Pro-business groups in Washington state say the $9-an-hour wage may prove to be a "tipping point," a kind of sticker shock that could discourage employers from hiring more people. There's even a theory that the state minimum wage — which is counted separately from tips — might explain the understaffing and lousy service at some Seattle restaurants. It's Economy 101: The more you raise the price of something — employment, in this case — the less of it there'll be.
"I don't think there's any sensible economist who thinks you could double the minimum wage and not throw a lot of people out of work," says David Neumark, director of the Center for Economics and Public Policy at University of California, Irvine. There is a debate, he says, over the effect of incremental raises for the small group of largely unskilled workers who earn the minimum wage.
"The consensus from a lot of studies I've surveyed — including my own — says that a 10 percent increase in the minimum reduces employment of those very low-skilled groups by about 1 to 2 percent," he says.

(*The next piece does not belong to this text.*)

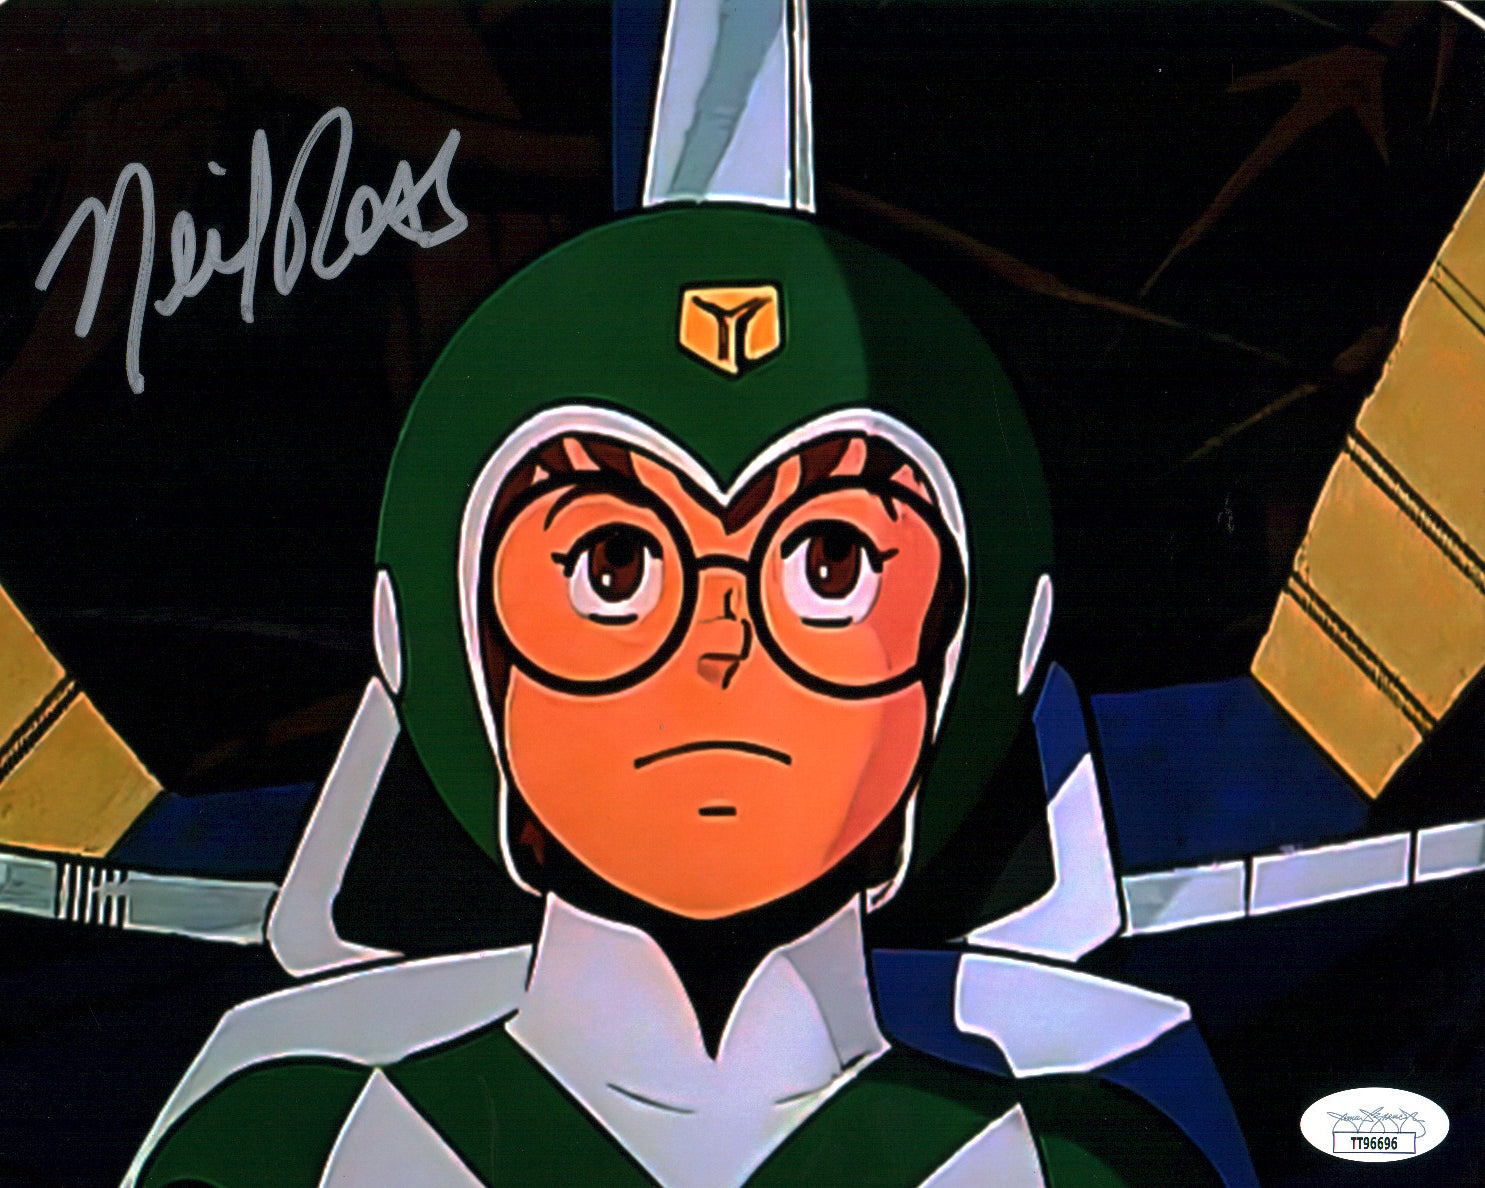 Neil Ross Voltron: Defender of the Universe 8x10 Signed Photo JSA Certified Autograph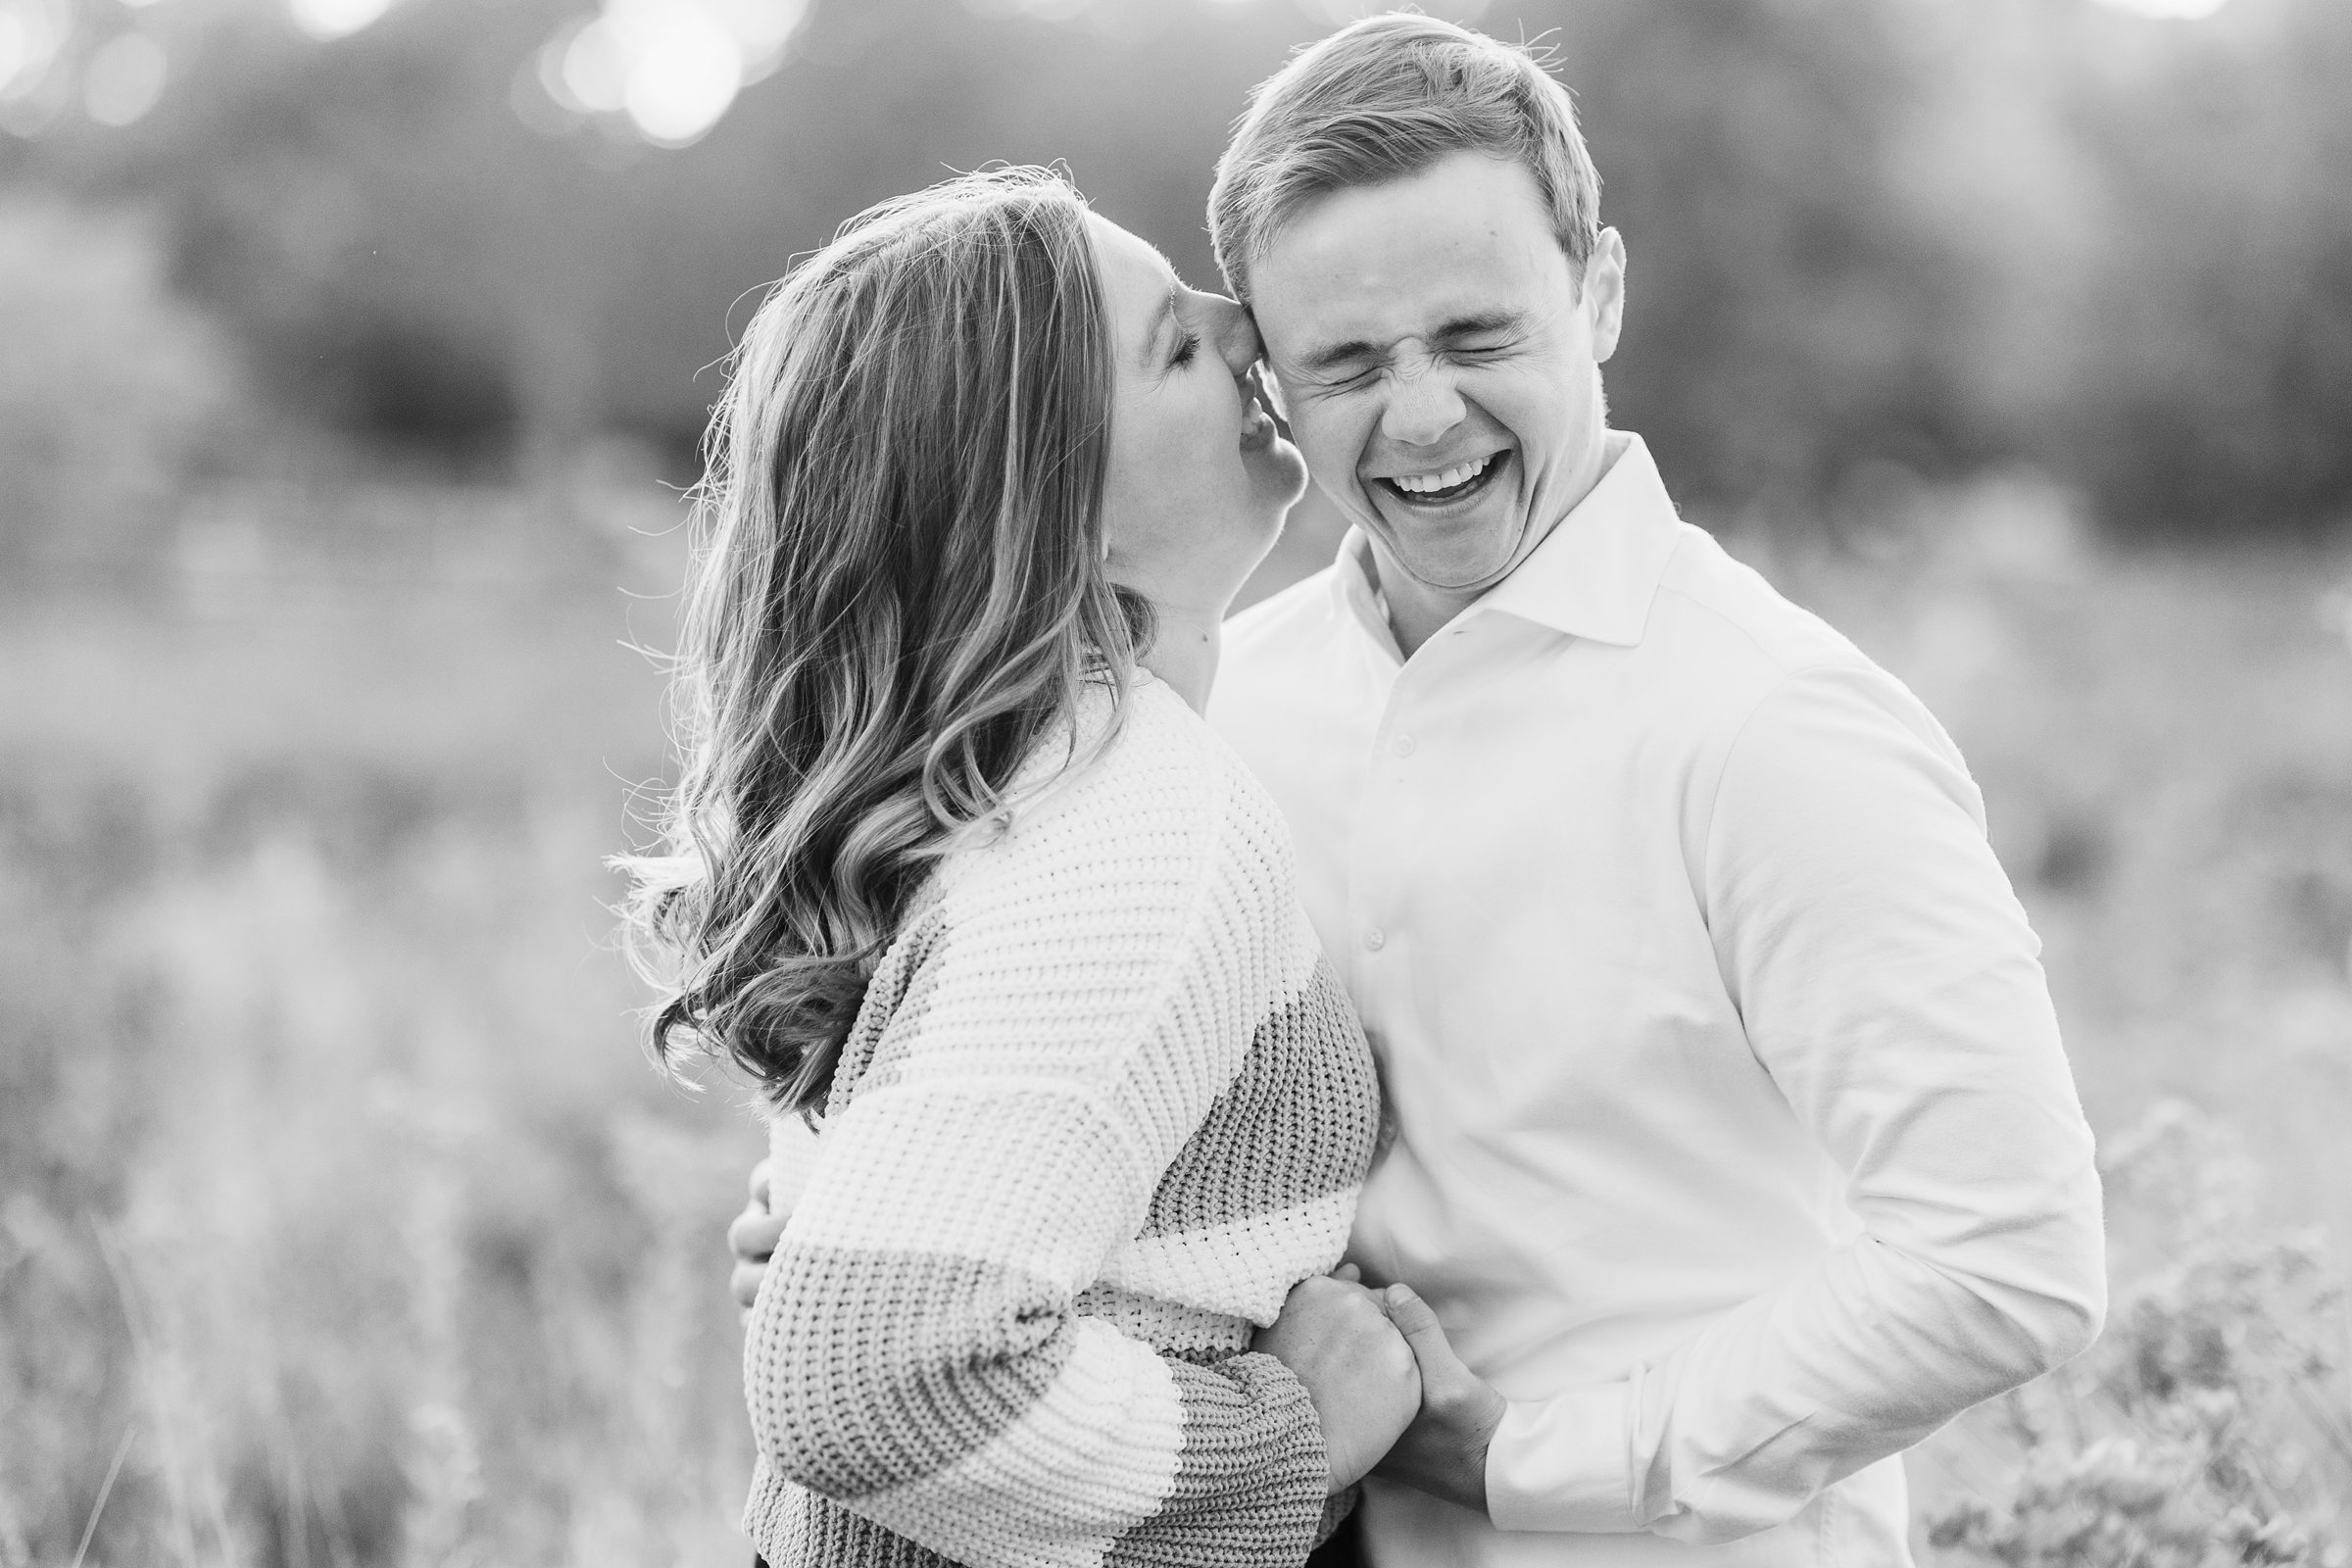 Couple laugh together during their engagement sessionat Lincoln Park in Chicago, Illinois.

Keep in mind, that's 1 to 2 percent of the people earning minimum wage, and they make up only about 5 percent of the workforce nationally. So the job losses are pretty tiny.
Defenders of the minimum wage say it's even less than that, pointing to a couple of recent studies that show zero net job loss. David Cooper, an analyst with the pro-labor Economic Policy Institute, says the minimum wage is especially necessary now.
"When you have lines of the unemployed around the corner looking for jobs, there's no real pressure for employers to raise wages," Cooper says.
And in this age of Occupy Wall Street, Cooper says, pushing up that wage floor is one way to address growing income inequality.
"Increases in the minimum wage are essentially a shift from corporate profits to low-wage employees," he says. "And we know that low-wage employees spend more of their money. They're going to spend essentially every penny they get, so that increased demand is going to result in more economic activity and potentially more jobs."
Still, economists on both sides tend to agree that the minimum wage itself isn't that big of a factor for America's working poor. For one thing, many of the people earning the minimum aren't poor at all; they're teenagers or middle-class part-timers looking for extra income.
The working poor tend to earn more — because they have to if they're supporting a family. For them, the benefit of recent minimum-wage hikes has been relatively small, especially when compared with other anti-poverty programs such as the federal Earned Income Tax Credit.